Belle idée que le dialogue théâtral.
@ Olivia : un petit dialogue, ça change, c’est vrai… Aliénor est en position d’infériorité mais elle a la langue bien pendue et ne se laisse pas faire…
J’adore ce dialogue bien senti, percutant, j’ai éclaté de rire pour la confusion nougat/savon, j’adore l’expression « ma mie » désuète à souhait, merci pour ce bon moment.
@ Manuel : merci beaucoup! 🙂 Ça m’a amusé de faire ce dialogue d’un autre âge…
Une belle scène d’Histoire, presque !
Merci pour ton lien, je t’ai donc retrouvée !
En effet, manger du savon et faire la lessive avec du nougat, c’est un peu nigaud 🙂
Bises de Lyon
@ Soène : ah oui, ça sent son XIXème siècle à plein nez… J’aime bien ce petit côté désuet.
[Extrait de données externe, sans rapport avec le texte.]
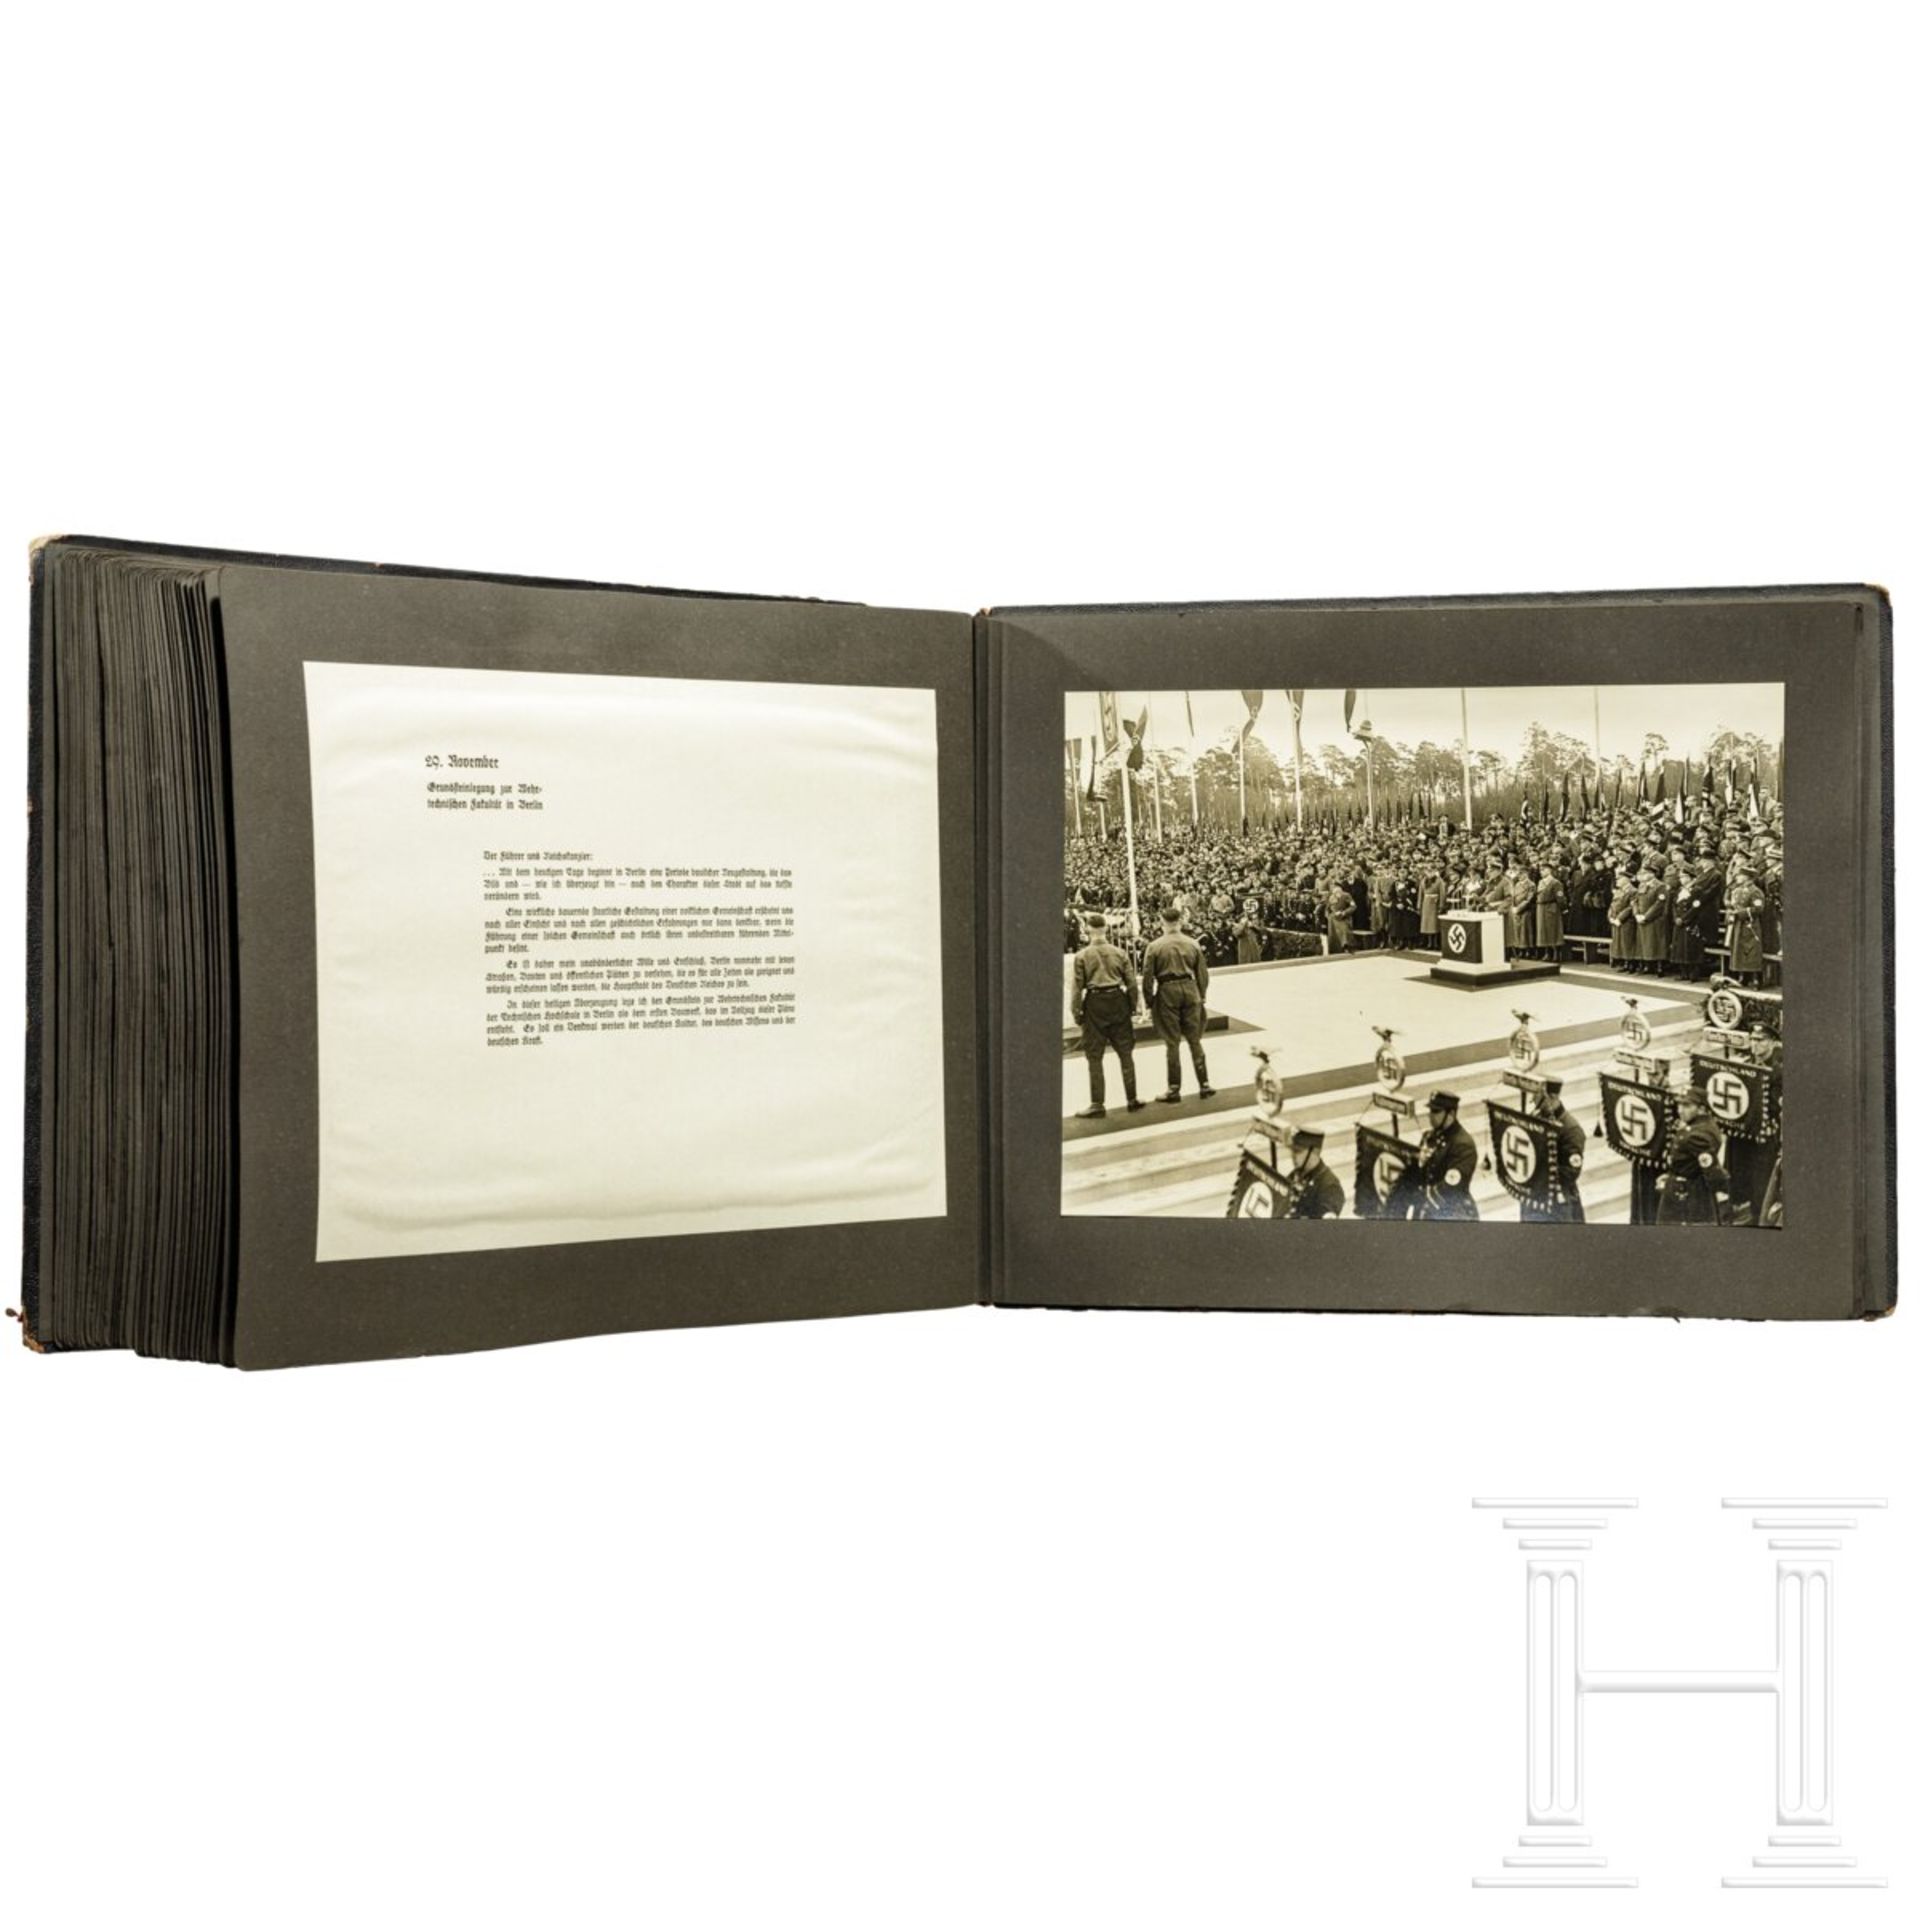 Geschenk-Fotoalbum der Partei 1937 mit 56 großformatigen Fotos und Textblättern - Image 7 of 17
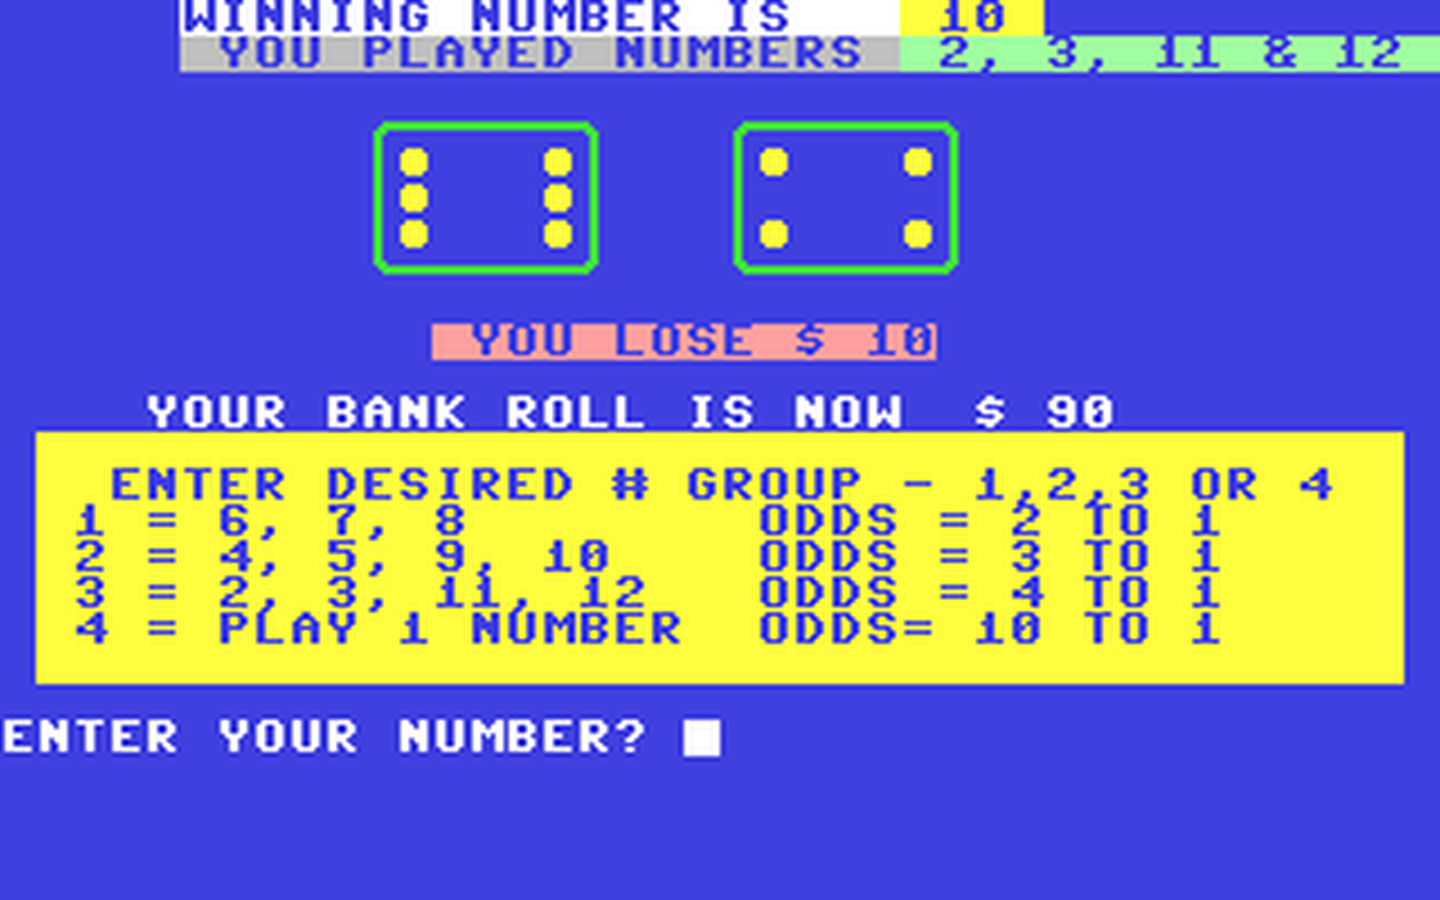 C64 GameBase Dice_Game (Public_Domain)

Nougat/savon, c’est un peu n’importe quoi mais il fallait bien le caser, ce truc!
Mais j’ai adoré savon-nougat ! c’était pour rire ! c’est pas nigaud du tout, une belle Ninspiration, au contraire 🙂
@ Soène : 😀
Il règne dans ton texte un délicieux parfum de percale et de lavande, comme un vieux corset emballé depuis un siècle dans du papier de soie. J’adore!
@ Célestine : merci. C’est exactement comme tu le dis… Lavande, cigare et monocle… 😆
Très joliment fait et fin… sauf la fin bien sûr ! 😀 J’ai bien aimé ce dialogue, bravo !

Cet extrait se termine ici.